Superstore (640×360)

Ma oltre che a parlare della vita dei dipendenti di questo fantomatico supermercato, la serie, per ovvie ragioni, si concentrerebbe tanto anche sui clienti, sulle loro strambe abitudini e sui loro gusti: se infatti già guardando la serie americana abbiamo finito per ridere nell’assistere ai comportamenti degli avventori del Cloud9, immaginate a quanta verità potremmo ritrovare all’interno delle dinamiche di un Supermercato nostrano! Studenti universitari che fanno infinte spese di tonno in scatola e altri prodotti in offerta, improbabili ladri

E non dimentichiamoci che questa Superstore italiana potrebbe raccontare tantissime storie partendo da veri fatti di cronaca!

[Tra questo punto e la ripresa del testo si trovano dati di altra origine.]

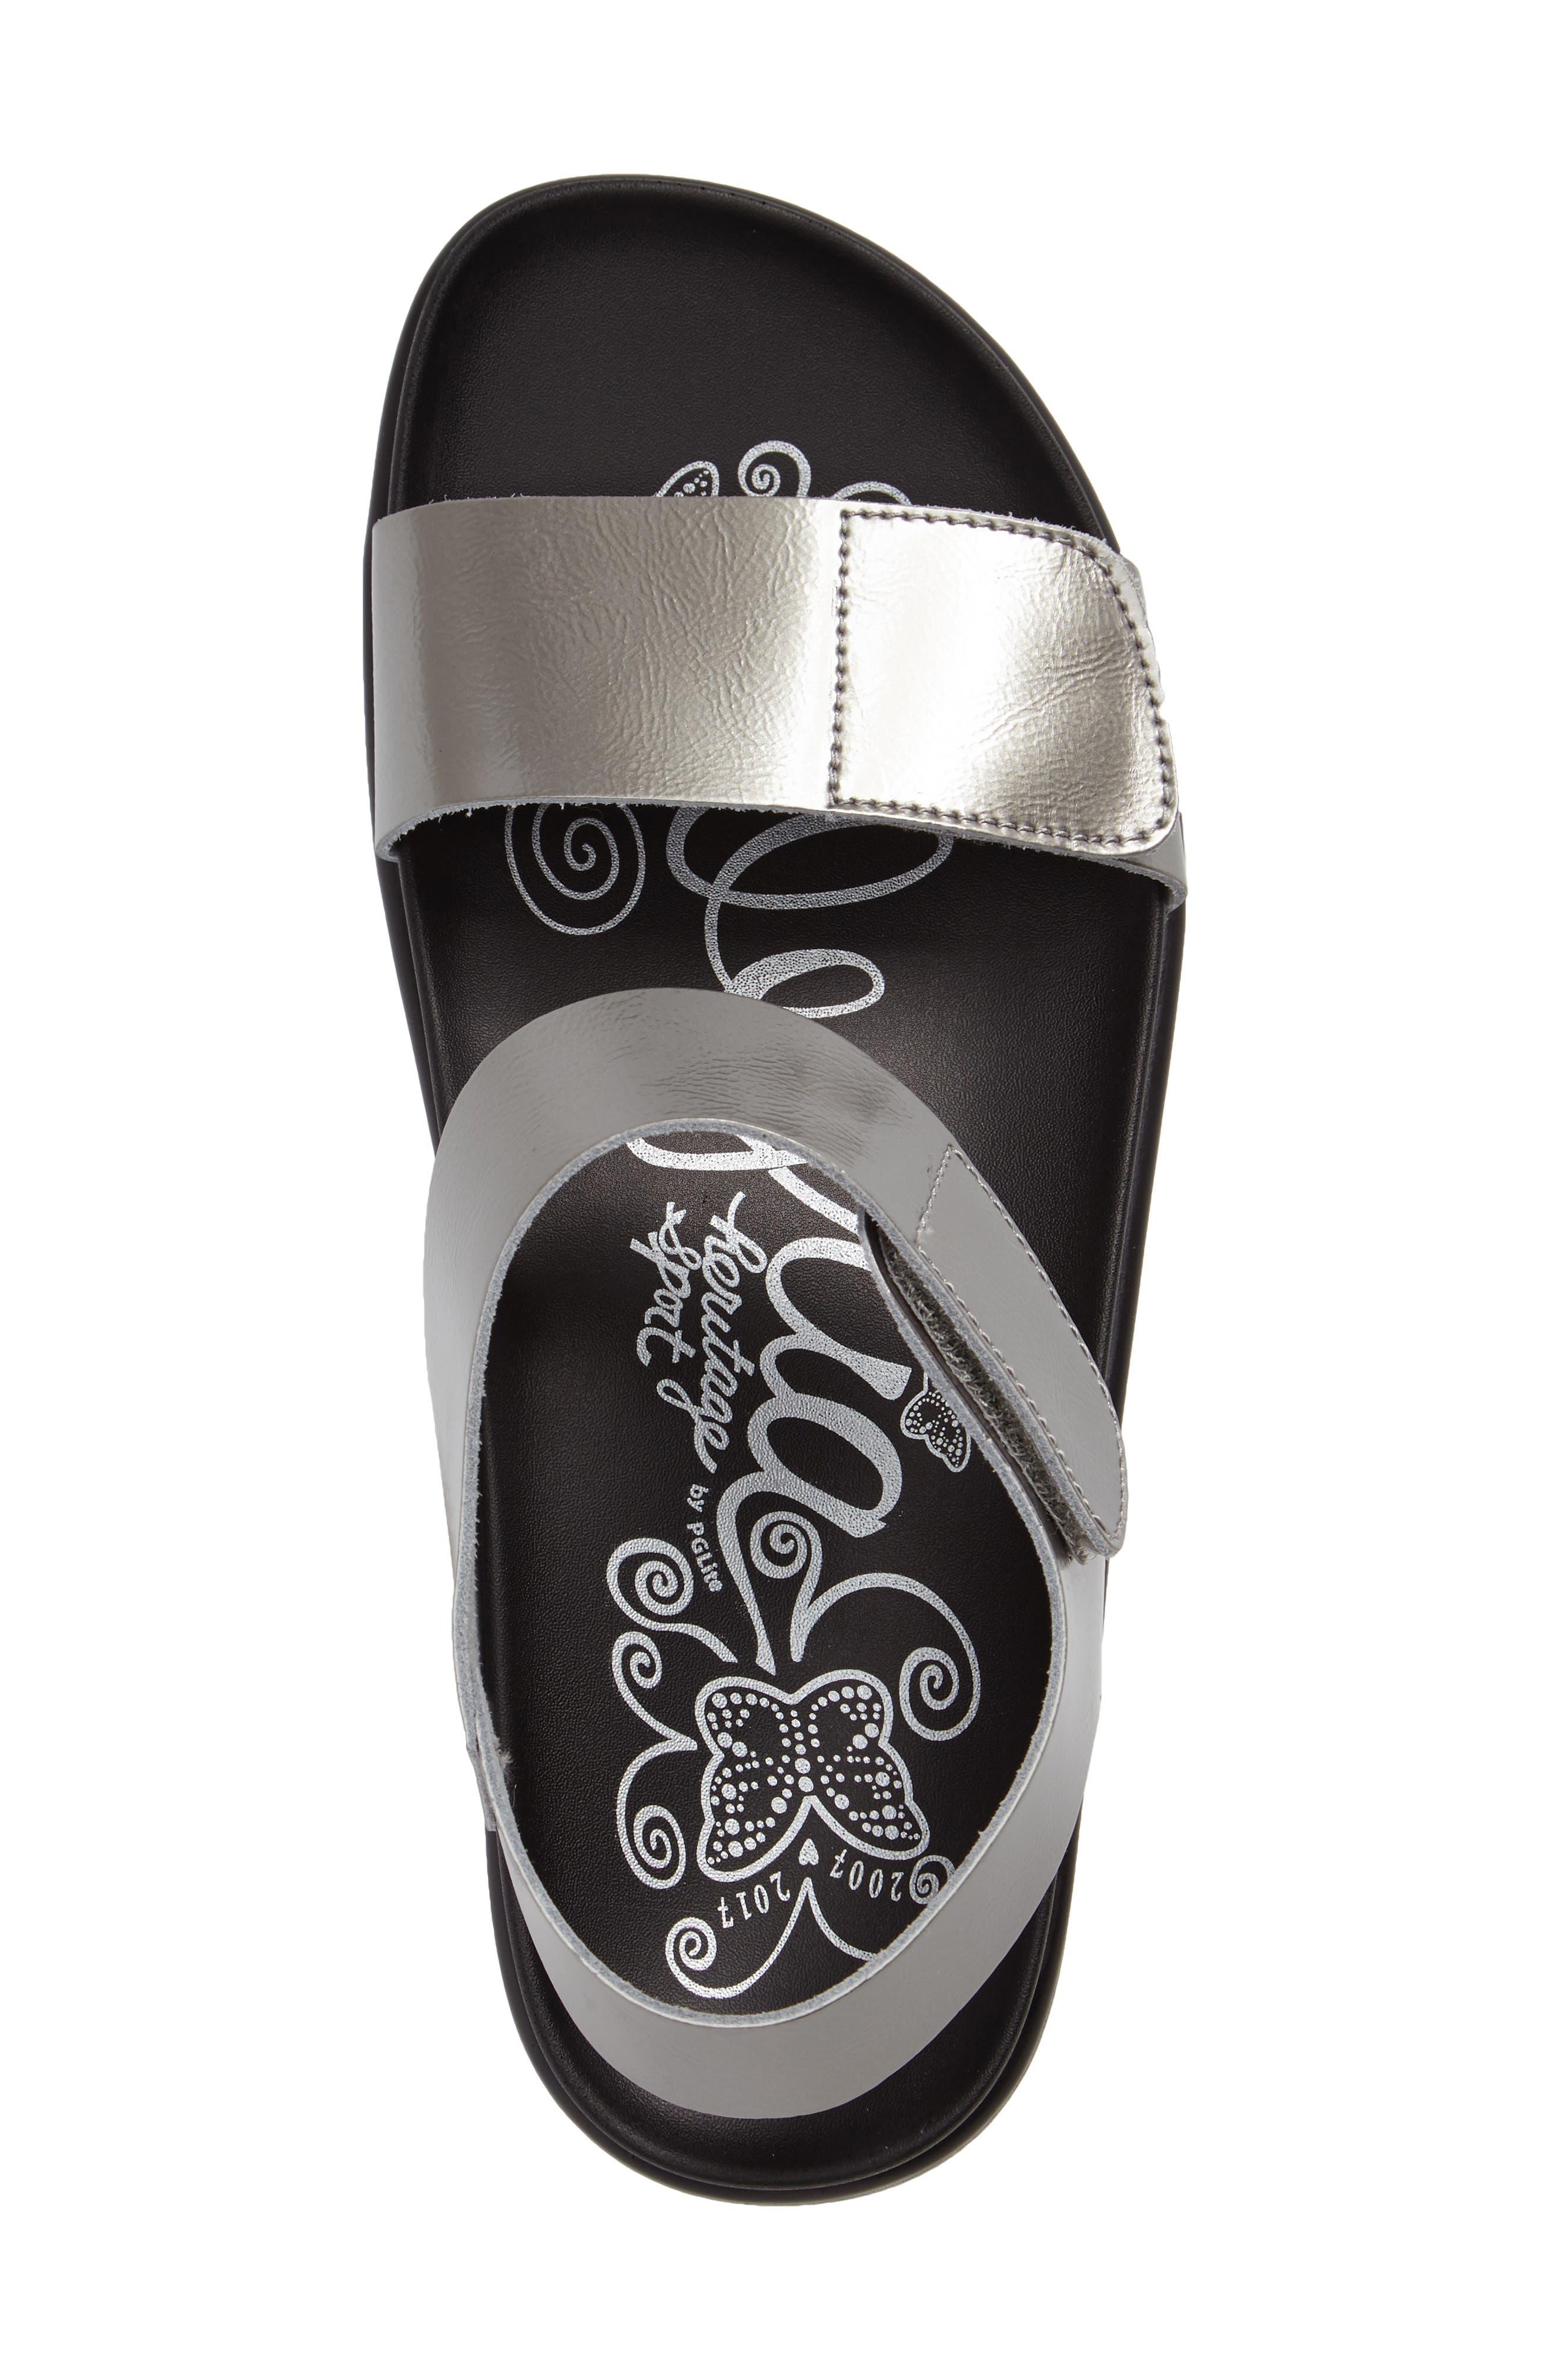 Playa Sandal,                             Alternate thumbnail 3, color,                             Pewter Patent Leather

Dall’incredibile scandalo dell’aumento dei costi dei sacchettini biodegradabili della frutta allo shock per la festa di compleanno organizzata tempo fa da Fedez per Chiara Ferragni presso un Carrefour di Milano e i suoi conseguenti sprechi fino all’incredibile commercio e spaccio delle scarpe da ginnastica della Lidl. Ammettetelo: anche voi non vedreste l’ora di vedere una serie tv capace di ironizzare su quelli che sono stati dei veri tormentoni di internet e che, nostro malgrado, raccontano così bene l’italianità! E che dire poi delle polemiche verificatesi nel periodo di quarantena durante il Covid? Il rifiuto da parte delle famiglie di acquistare le penne lisce (poco adatte per i sughi) quando tutti i reparti pasta erano stati svaligiati? Le corse per il lievito, la crisi del marchio di birra Corona, il cui nome veniva scioccamente associato alla malattia.

Dina e Glenn (640×360)

Non fatichiamo infatti a immaginare tantissime storyline dove al centro della narrazione ci sia il cibo, ovvia (e giusta) fissazione che caratterizza da sempre il nostro Paese! Ma non solo: come nella Superstore americana, anche nella versione italiana tanti potrebbero essere gli spunti di riflessione: le lotte sindacali, la parità di genere, l’inflazione sui prodotti di prima necessità a causa della guerra, gli sprechi alimentari… Argomenti sempre attuali e da tenere sempre presenti nella vita di tutti i giorni.

Detto questo, siamo consapevoli che al 99.9% dei casi le nostre speculazioni resteranno solo quello che sono, ossia vaneggiamenti e deliri. Forse perché l’Italia ancora non è pronta ad aprirsi a prodotti televisive che, a differenza degli Stati Uniti, non hanno mai permeato la nostra cultura, forse perché sarebbe difficile comunque portare in scena una serie comica così corale e diversa. Tuttavia, se possiamo concederci di sognare, quanto sarebbe bello?